Despite the growing risks associated with AI, 67% of cybersecurity leaders believe these new threats require significant changes to existing security frameworks.
oOver the past year, 62% of organizations around the world have experienced deep-fark attacks, including the exploitation of social engineering or automated processes.
Additionally, 32% of companies reported attacks targeting AI applications through prompt manipulation.
A survey conducted between March and May 2025 among 302 cybersecurity leaders in North America, EMEA, and Asia-Pacific revealed that 29% of respondents have faced attacks on enterprise-generated AI (Genai) application infrastructure over the past 12 months.

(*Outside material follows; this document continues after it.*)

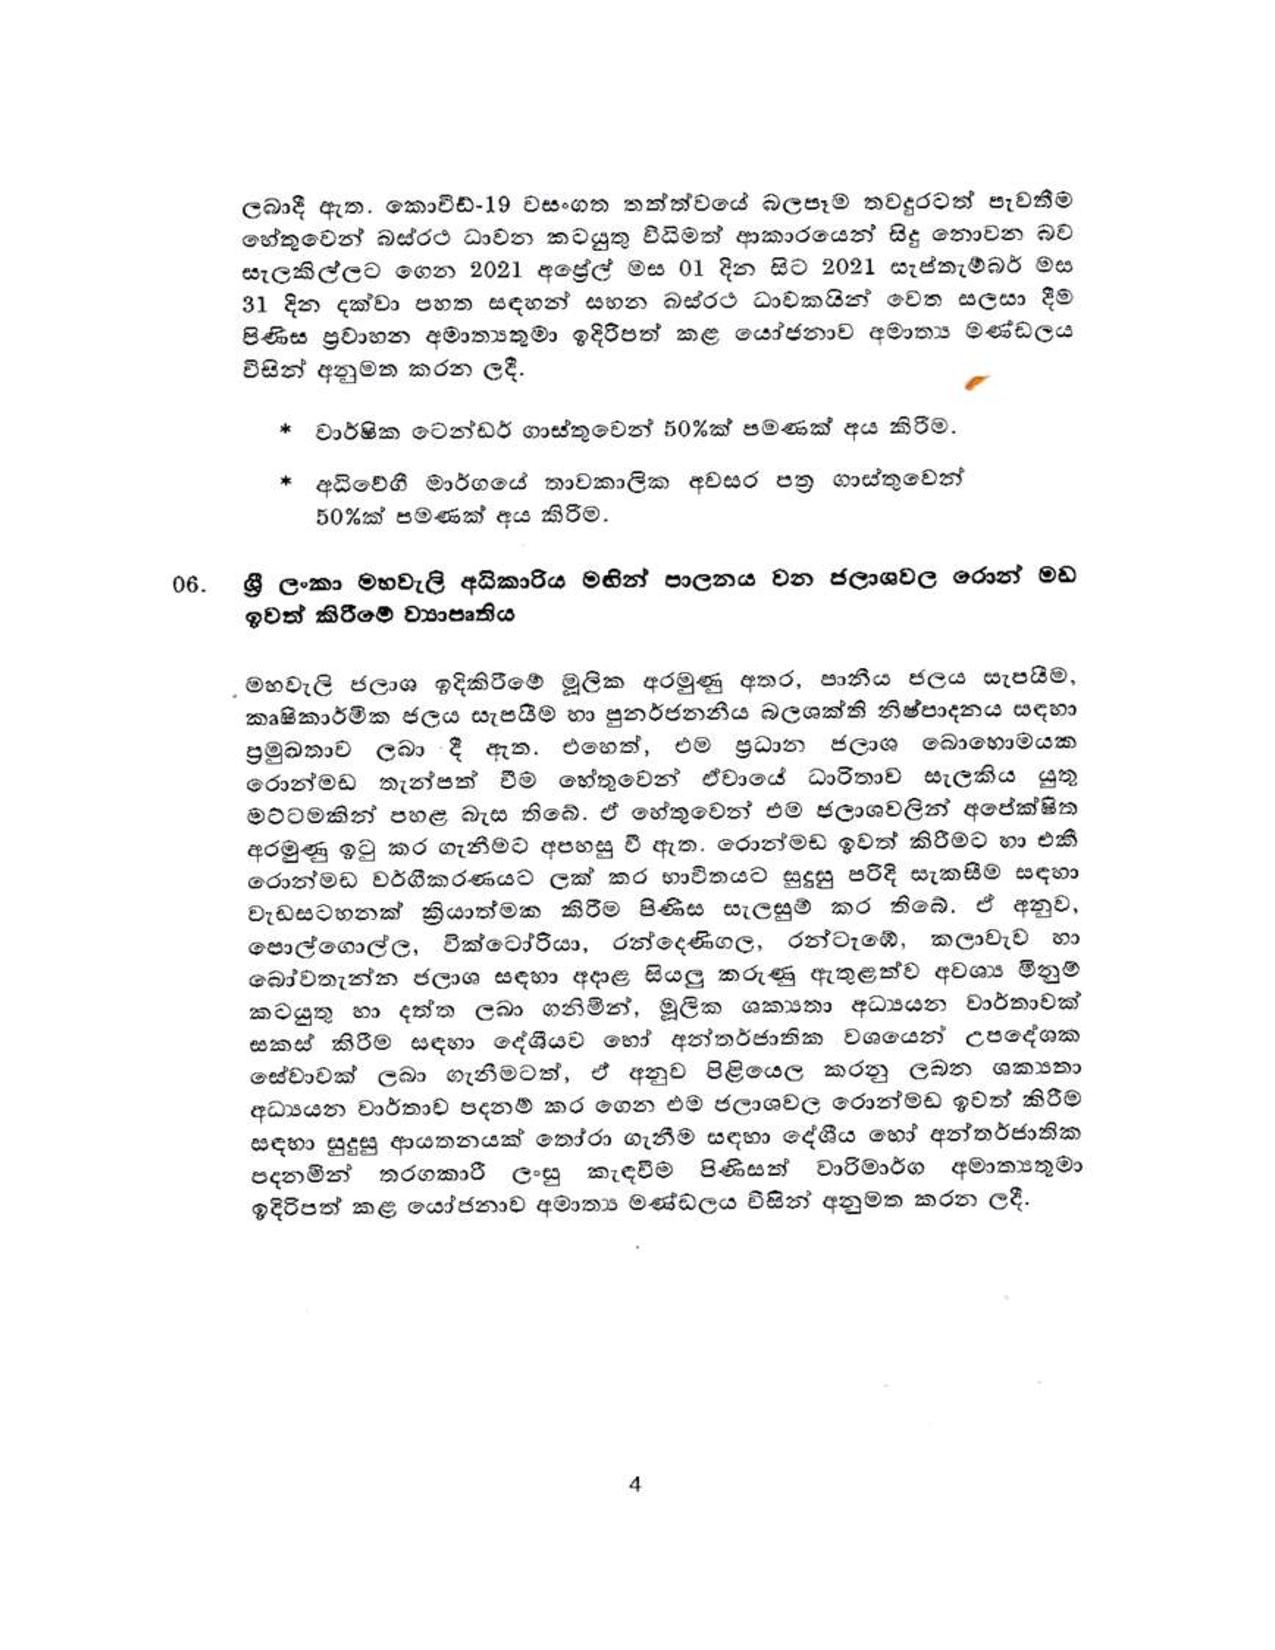 Cabinet Decision on 10.05.2021 page 004

Many organizations have discovered chatbot assistants that are vulnerable to adversarial prompting technologies in which attackers trick large-scale language models (LLMS) or multimodal AI systems into creating inputs to generate biased or malicious output.
“As adoption accelerates, attacks that utilize Genai for phishing, deepfakes and social engineering have become mainstream, but other threats such as attacks on Genai application infrastructure and rapid operations have emerged and gained traction.
Despite the growing risks associated with AI, 67% of cybersecurity leaders believe these new threats require significant changes to existing security frameworks. However, the report advises a balanced approach rather than wiping out the overhaul.
“Institutions need to strengthen core control and implement targeted measurements for each new risk category, rather than making drastic changes or isolated investments,” added Gupta.
In related insights, the Bain & Company report estimates that by 2030, approximately $2 trillion per year will be needed to fund the computing capabilities needed to meet global AI demand. Despite cost savings from AI, there remains a $800 billion shortfall in funds to meet the expected requirements.